Métodos: Foi realizado um estudo observacional retrospectivo utilizando dados clínicos dos doentes internados involuntariamente em Psiquiatria na Unidade Local de Saúde São João. Todos os internamentos involuntários decorridos entre 1 de janeiro e 31 de dezembro de 2022 foram categorizados em dois grupos: doentes inicialmente admitidos involuntariamente, posteriormente convertidos em internamento voluntário e doentes que permaneceram em internamento involuntário até à data de alta. Os dados registados nos processos clínicos no período de um ano após o internamento inicial foram recolhidos e analisados (tanto dados estruturados como entradas de texto livre). Foram realizadas análises descritivas e comparativas.
Resultados: No total, foram incluídos 120 doentes. Um maior número de doentes passou para internamento voluntário (60,8%) comparativamente ao número de doentes que permaneceu em internamento involuntário (39,2%). Comparativamente aos doentes em internamento voluntário, os doentes que permaneceram em internamento involuntário apresentaram um número de reinternamentos ao fim de um ano significativamente superior (36,2% vs 15,3%, p = 0,009) e apresentaram maior número de reinternamentos involuntários (88,2% vs 45,5%, p = 0,030).

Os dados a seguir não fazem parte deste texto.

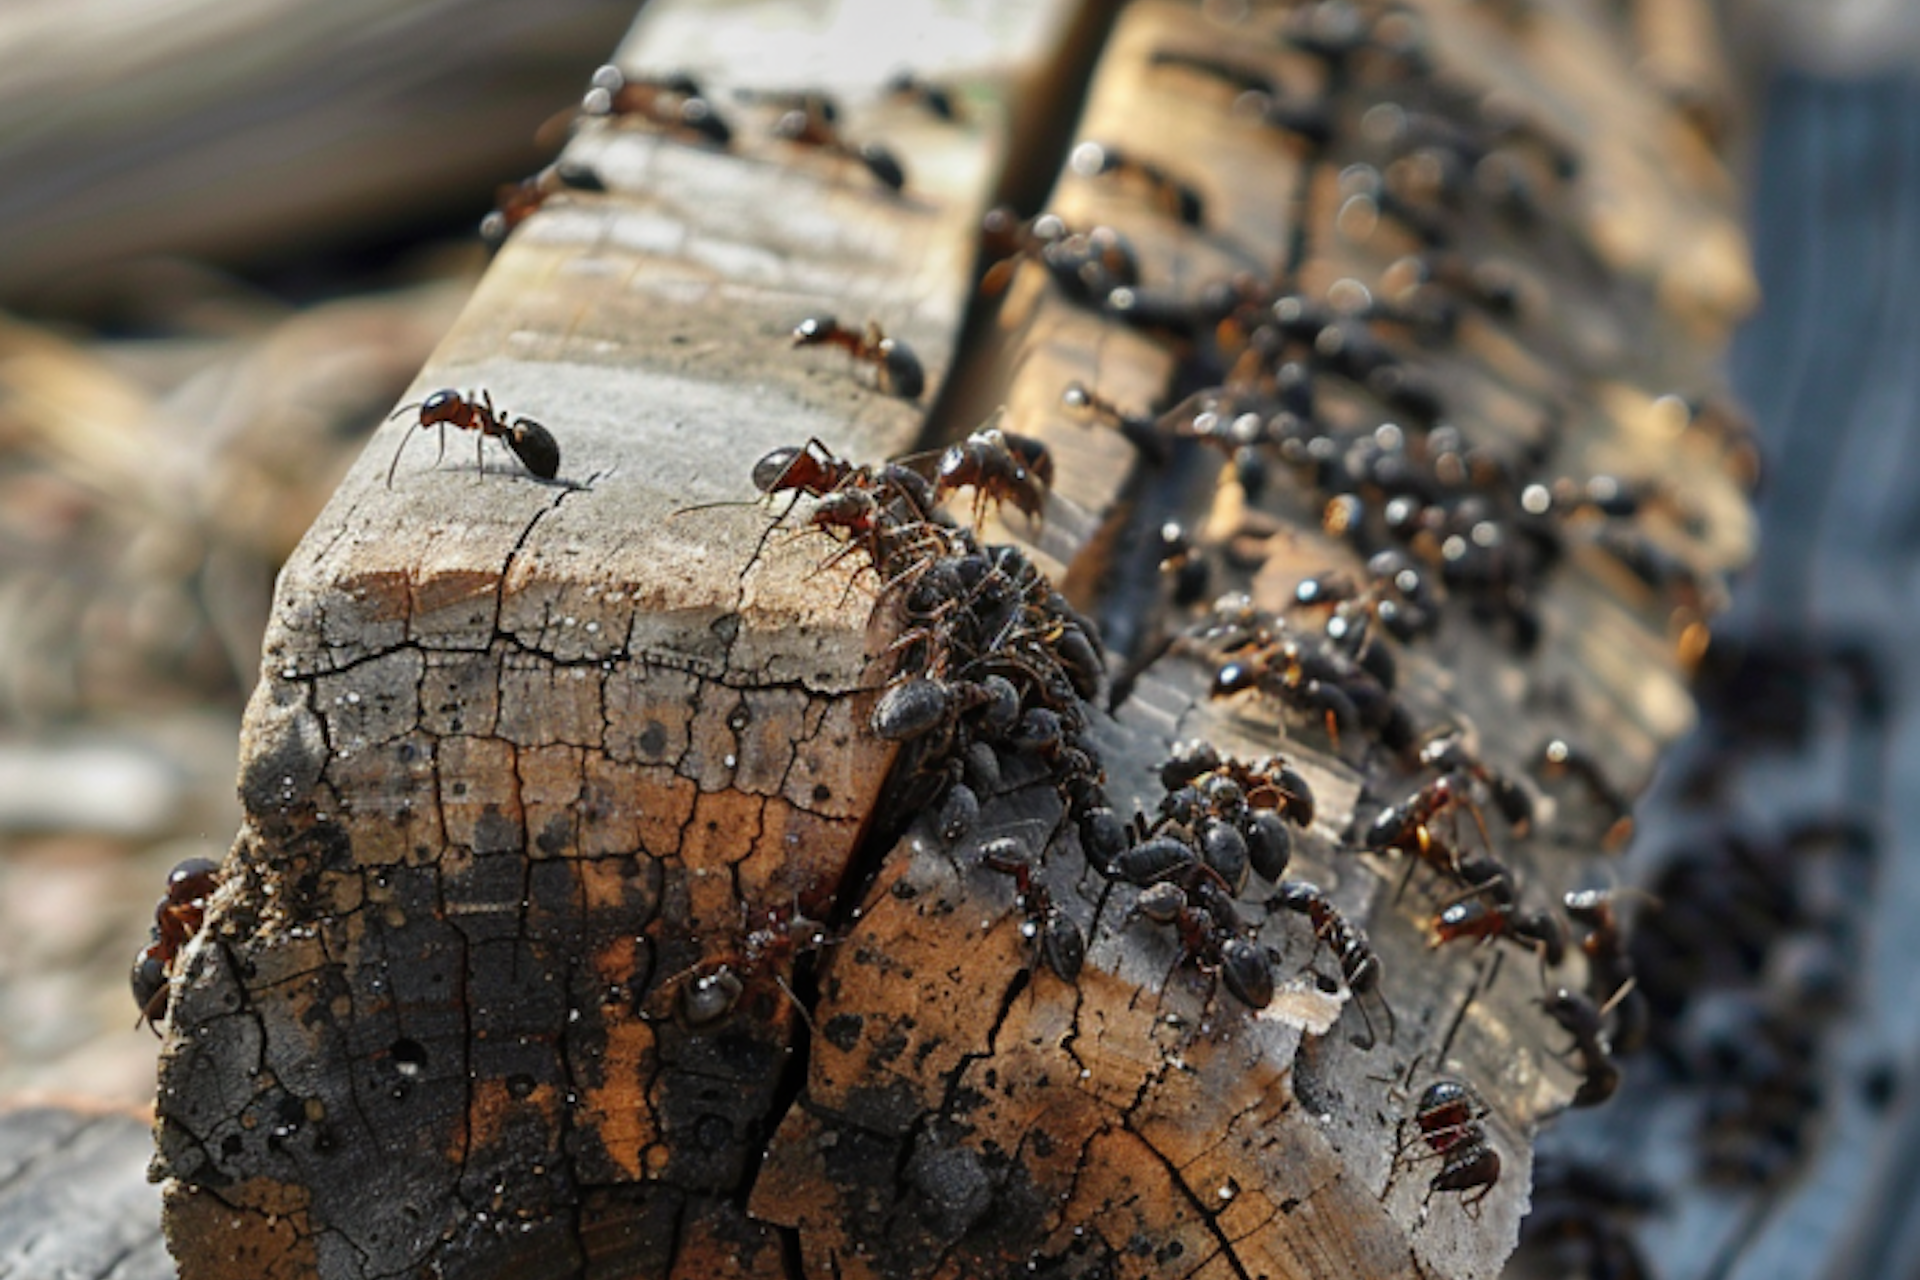 Wood-destroying organisms, or WDOs, are classified as any organism that impacts the structural integrity of wood

Conclusão: O internamento involuntário mostrou estar associado a piores resultados a um ano, sublinhando que a sua utilização deve ser proporcional ao risco apresentado e sujeita a reavaliação regular. A transição para internamento voluntário é uma abordagem razoável, respeita a autonomia do paciente e, desde que seja assegurado o tratamento adequado, não agrava descompensação psiquiátrica.
Downloads
Referências
Aguirre L, Padovano M, Scopetti M, La Russa R, Manetti F, D’Errico S, et al. Mental health law: a comparison of compulsory hospital admission in Italy and the UK. Front Public Health. 2023;11:1265046. DOI: https://doi.org/10.3389/fpubh.2023.1265046
Hustoft K, Larsen TK, Brønnick K, Joa I, Johannessen JO, Ruud T. Voluntary or involuntary acute psychiatric hospitalization in Norway: a 24h follow up study. Int J Law Psychiatry. 2018;56:27-34. DOI: https://doi.org/10.1016/j.ijlp.2017.10.011
Portugal. Lei n.° 35/2023. Diário da República, I Série, n.° 141 (2023/07/24). p.2-23.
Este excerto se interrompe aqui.